» **What is required**:
Please, without any pictures, set down exactly the part of the listing below that opens with the line containing "Bobyrug’s Very Beautiful" and closes with the line containing "Coloring book cool shoes".

» **Data for review**:
——————————

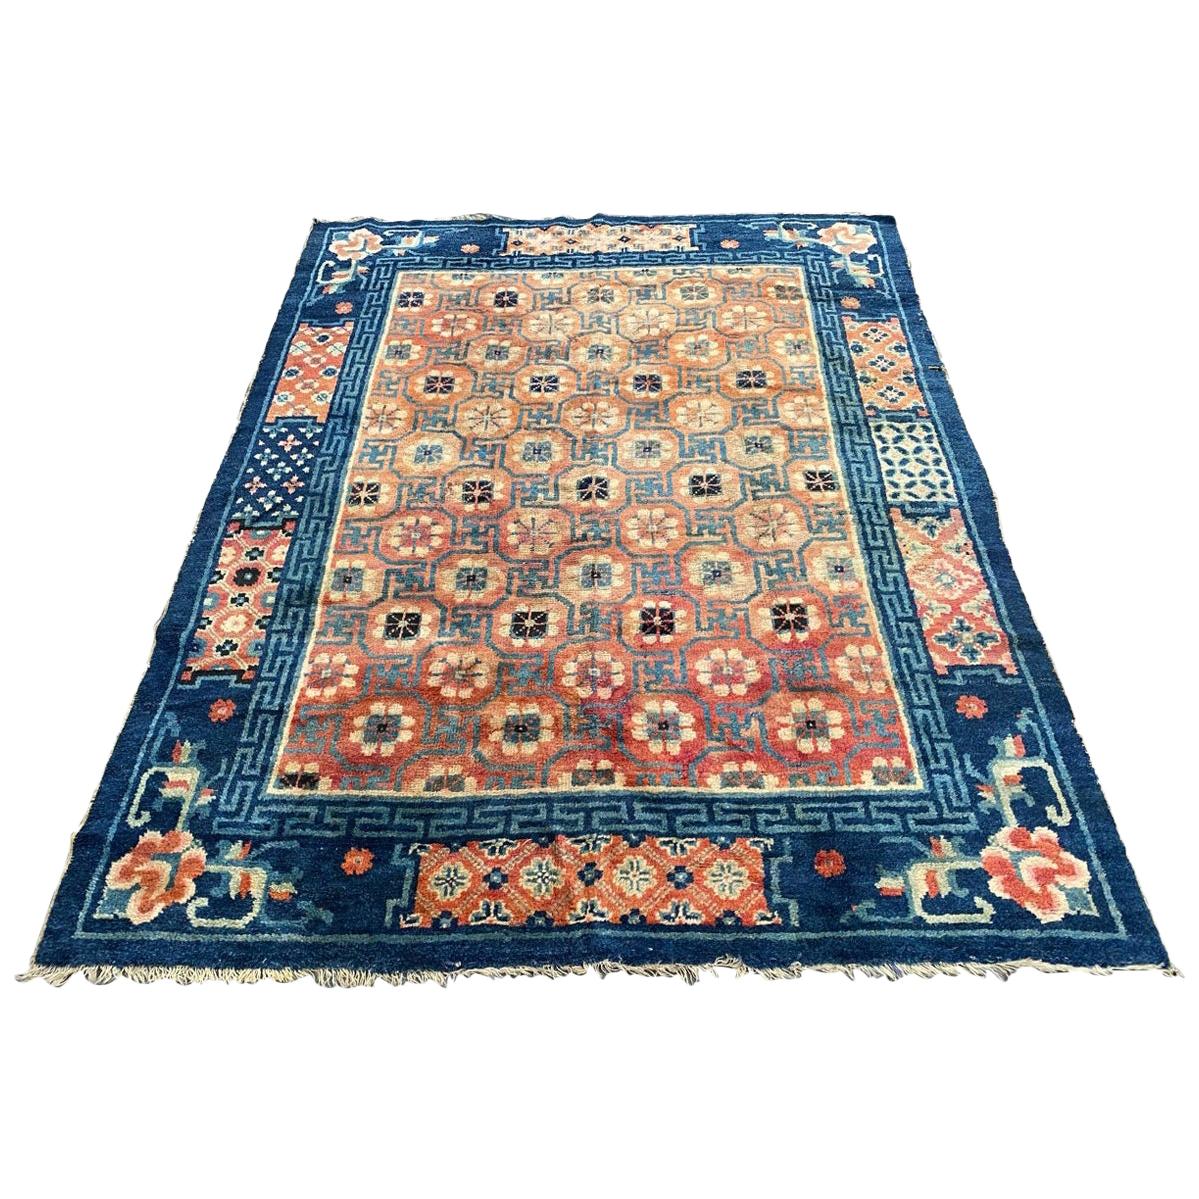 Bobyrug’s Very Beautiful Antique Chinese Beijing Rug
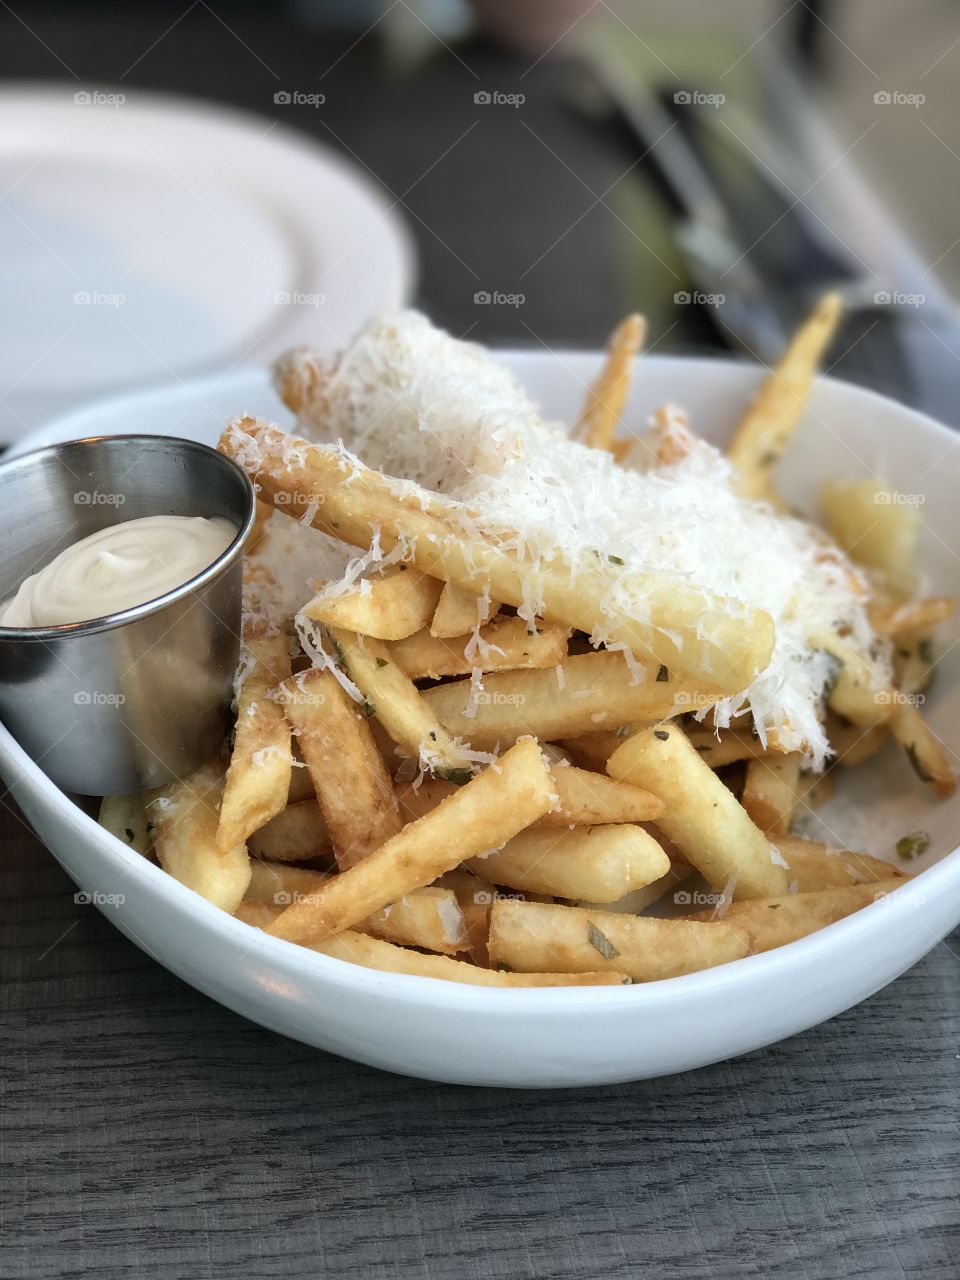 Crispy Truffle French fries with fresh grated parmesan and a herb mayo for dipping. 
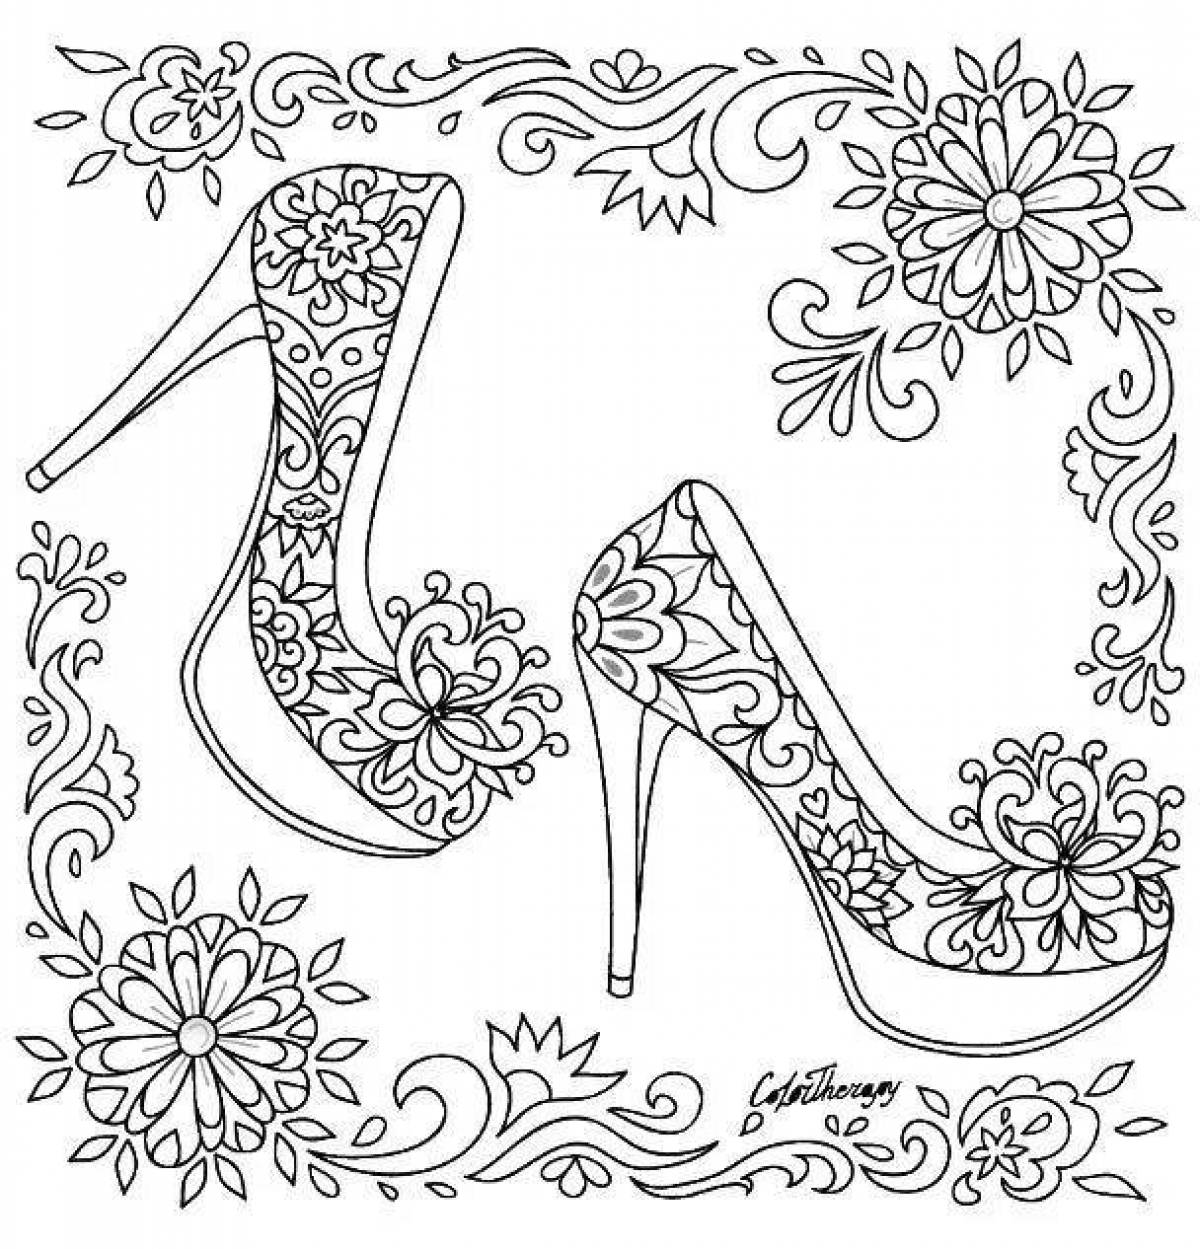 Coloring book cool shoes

——————————

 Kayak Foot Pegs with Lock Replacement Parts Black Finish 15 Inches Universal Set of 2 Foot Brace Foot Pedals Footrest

——————————

» **Your response**:
 Bobyrug’s Very Beautiful Antique Chinese Beijing Rug
 Crispy Truffle French fries with fresh grated parmesan and a herb mayo for dipping. 
 Coloring book cool shoes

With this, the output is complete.